YOUR OBJECTIVE: Write out the data exactly as given, dropping every picture.

DATA EXCERPT:
· · · · ·
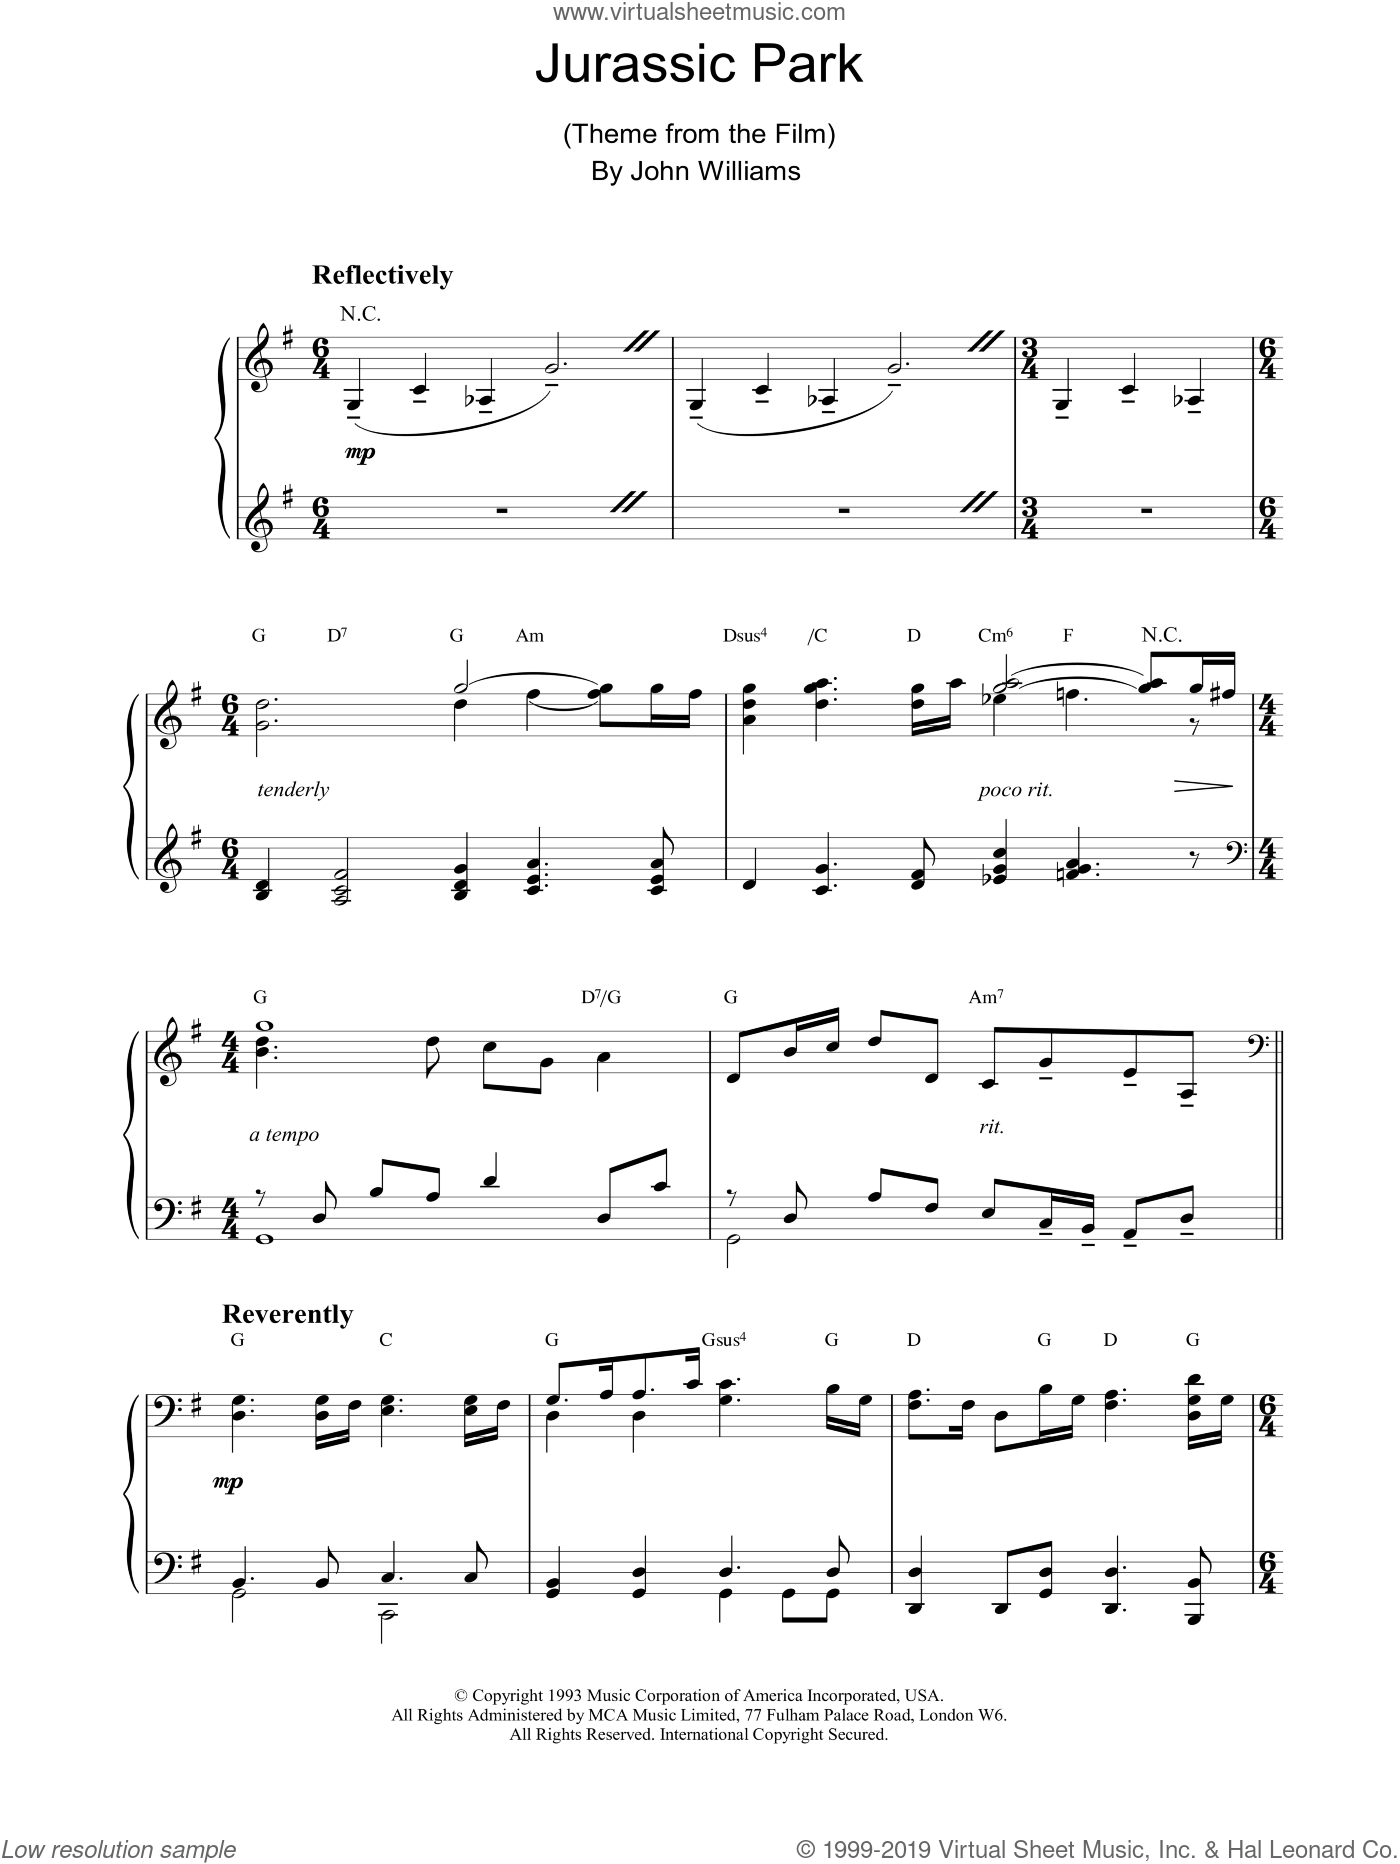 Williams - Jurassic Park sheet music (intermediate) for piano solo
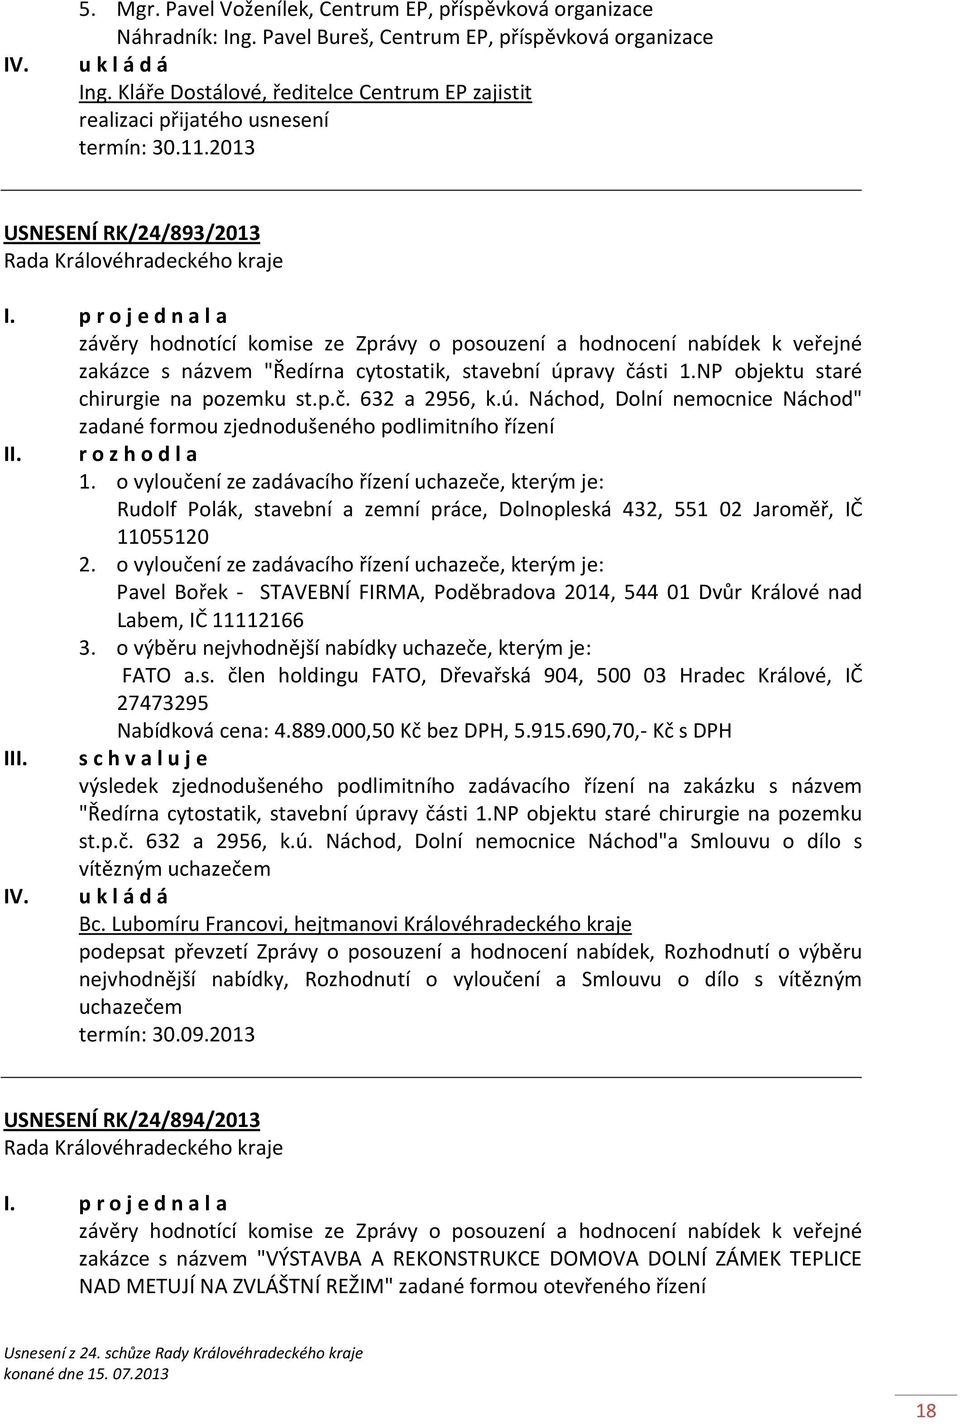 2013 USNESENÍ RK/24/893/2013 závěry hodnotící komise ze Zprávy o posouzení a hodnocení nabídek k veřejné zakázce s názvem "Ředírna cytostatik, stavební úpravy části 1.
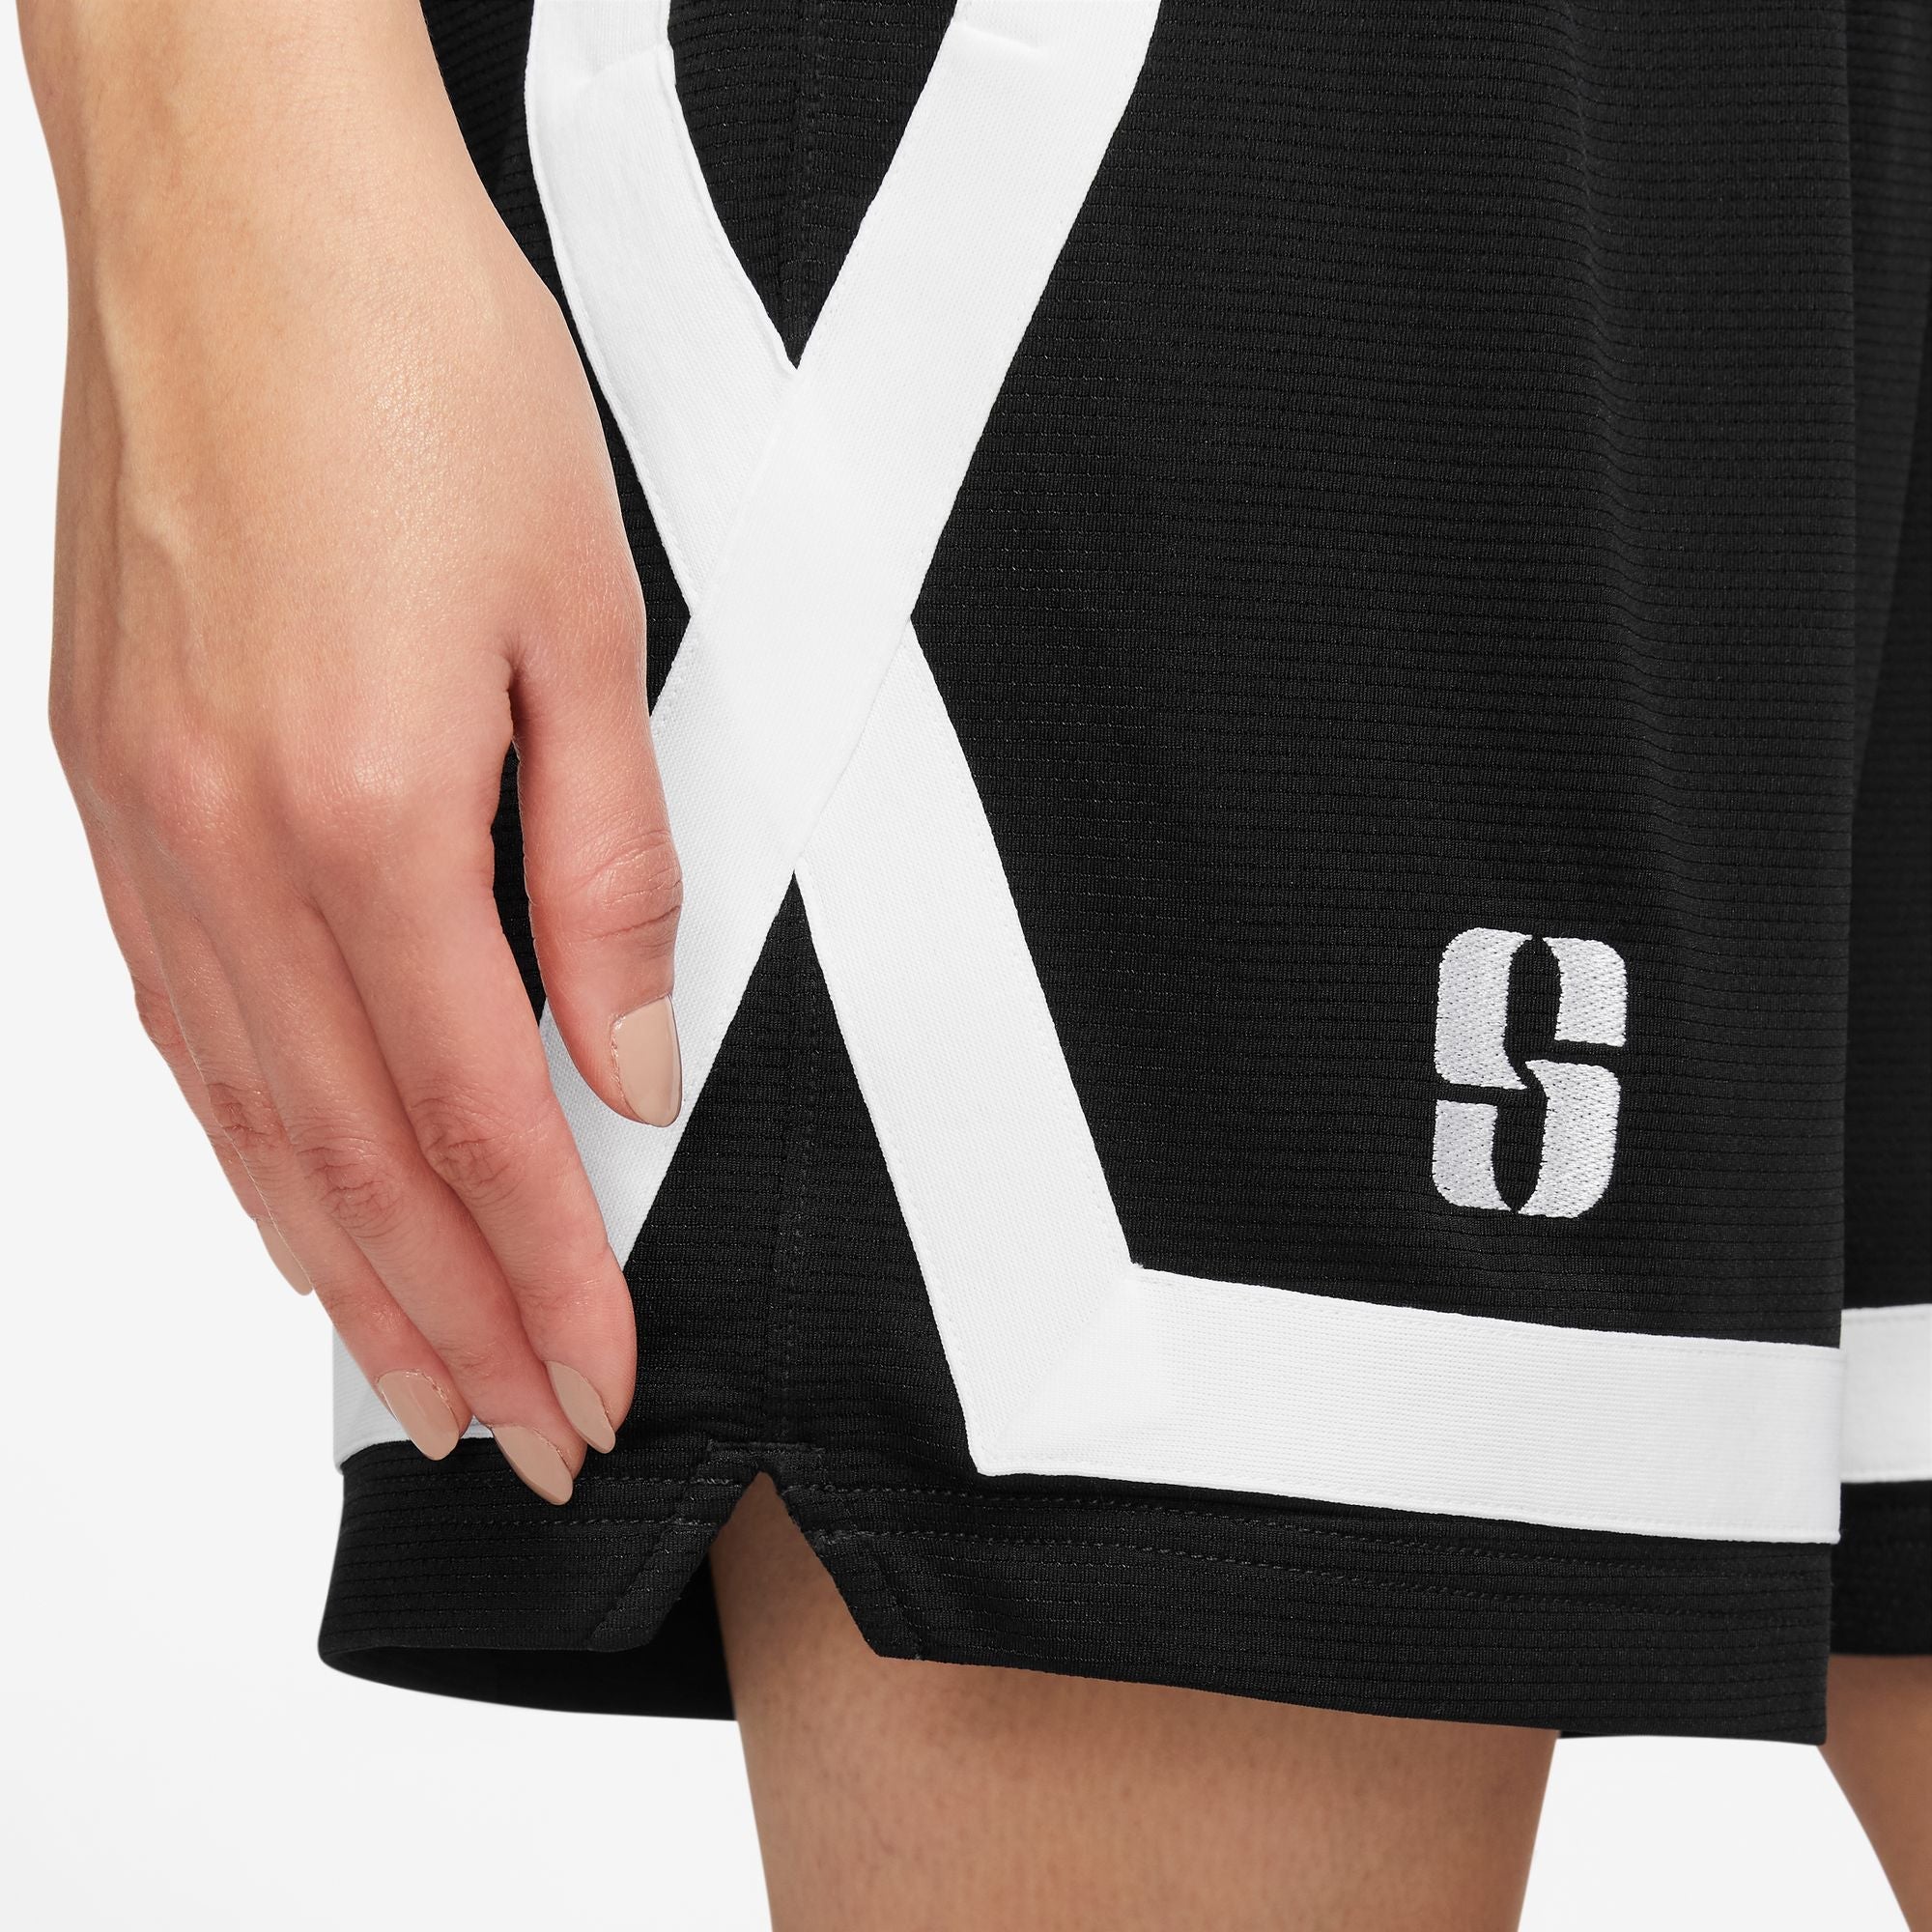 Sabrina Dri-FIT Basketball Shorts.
· · · · ·
TASK RESULT:
 Williams - Jurassic Park sheet music (intermediate) for piano solo
 2013 USNESENÍ RK/24/893/2013 závěry hodnotící komise ze Zprávy o posouzení a hodnocení nabídek k veřejné zakázce s názvem "Ředírna cytostatik, stavební úpravy části 1.
 Sabrina Dri-FIT Basketball Shorts.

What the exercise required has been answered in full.